If you’re experiencing pain and numbness in your shoulder while sleeping on your side, you may be suffering from nerve entrapment.

The nerve that controls the shoulder and its surrounding muscles is called the axillary nerve. This nerve can become damaged or entrapped from enduring frequent pressure placed on it, such as from side sleeping. 

Frozen Shoulder

An immobilizing condition that can affect the shoulder is known as adhesive capsulitis, also called frozen shoulder. 

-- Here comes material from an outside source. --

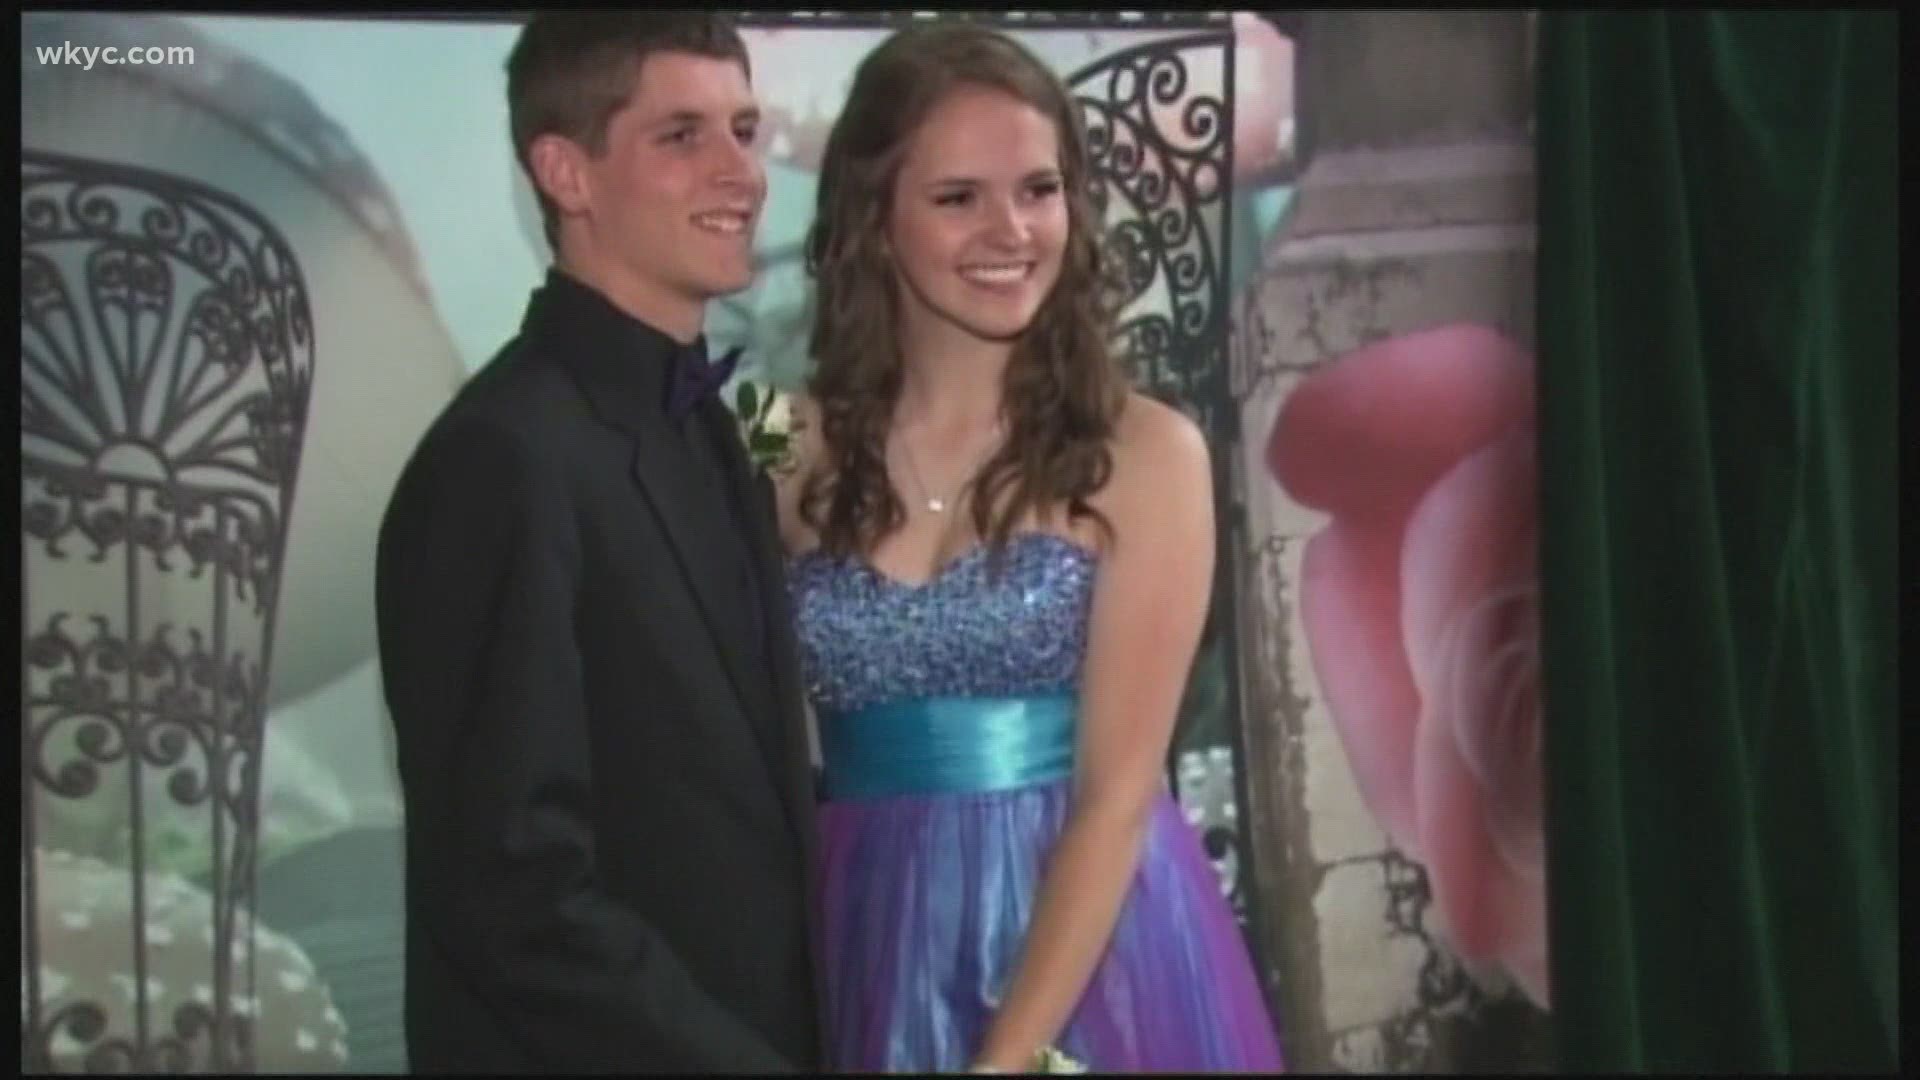 Last year, a lot of high school students lost out on a big night – their prom. But this year promises to be different.

Frozen shoulder is caused by inflammation of the joint due to overuse or injury. Inflammation, along with a decrease in lubricant between the arm bone and socket, will “freeze” the affected shoulder in place, restricting most of its movement. 

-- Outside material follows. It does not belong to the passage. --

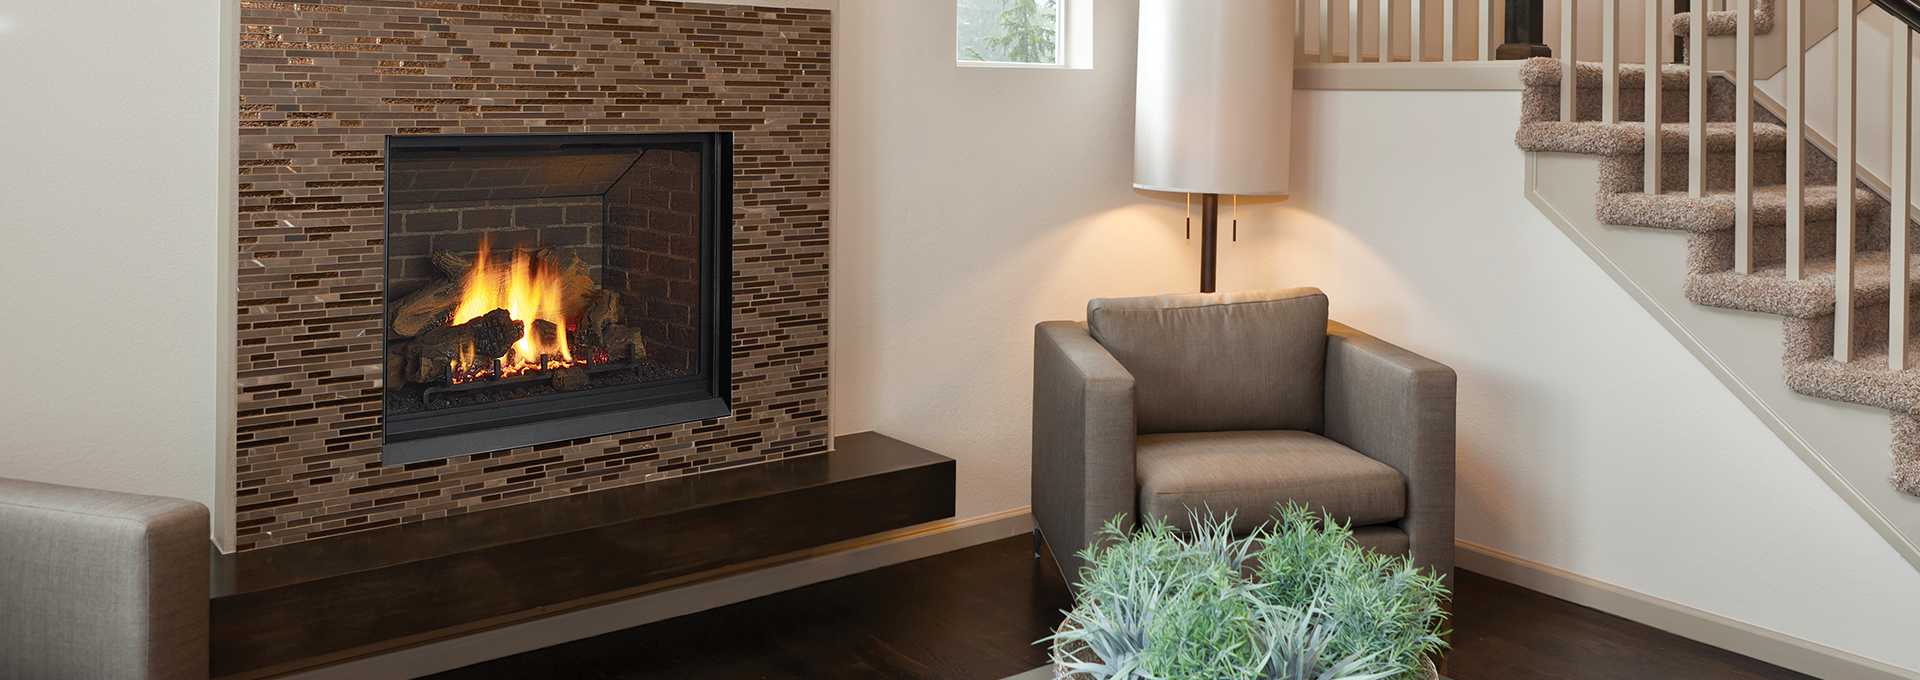 Types of Gas Fireplaces Explained

This condition also causes muscle spasms, which can act up at night and interrupt sleep.

Shoulder Impingement 

Shoulder impingement is a condition that affects the rotator cuff—a group of muscles that hold your upper arm bone within its socket.

Also known as painful arc syndrome, shoulder impingement can occur when the rotator cuff tendons are weakened by overuse. This condition is characterized by dull rotator cuff pain and difficulty in raising your arm away from your body and above your head. 

Rotator Cuff Injury

As nasty as a torn rotator cuff sounds, many people don’t realize they have a rotator cuff injury until they’re given an ultrasound. Rotator cuff injuries display similar symptoms of shoulder impingement, and most often affect people over 40. 

These injuries can also cause neck pain, as the lack of mobility can make you hunch your shoulders. 

Shoulder Bursitis

Within your shoulder joint, between layers of muscle, is the subacromial bursa, which is a small sac of fluid that is meant to protect your shoulder joint as it moves. If the affected shoulder joint is strained and overused, the bursa can become inflamed and cause pain and immobility.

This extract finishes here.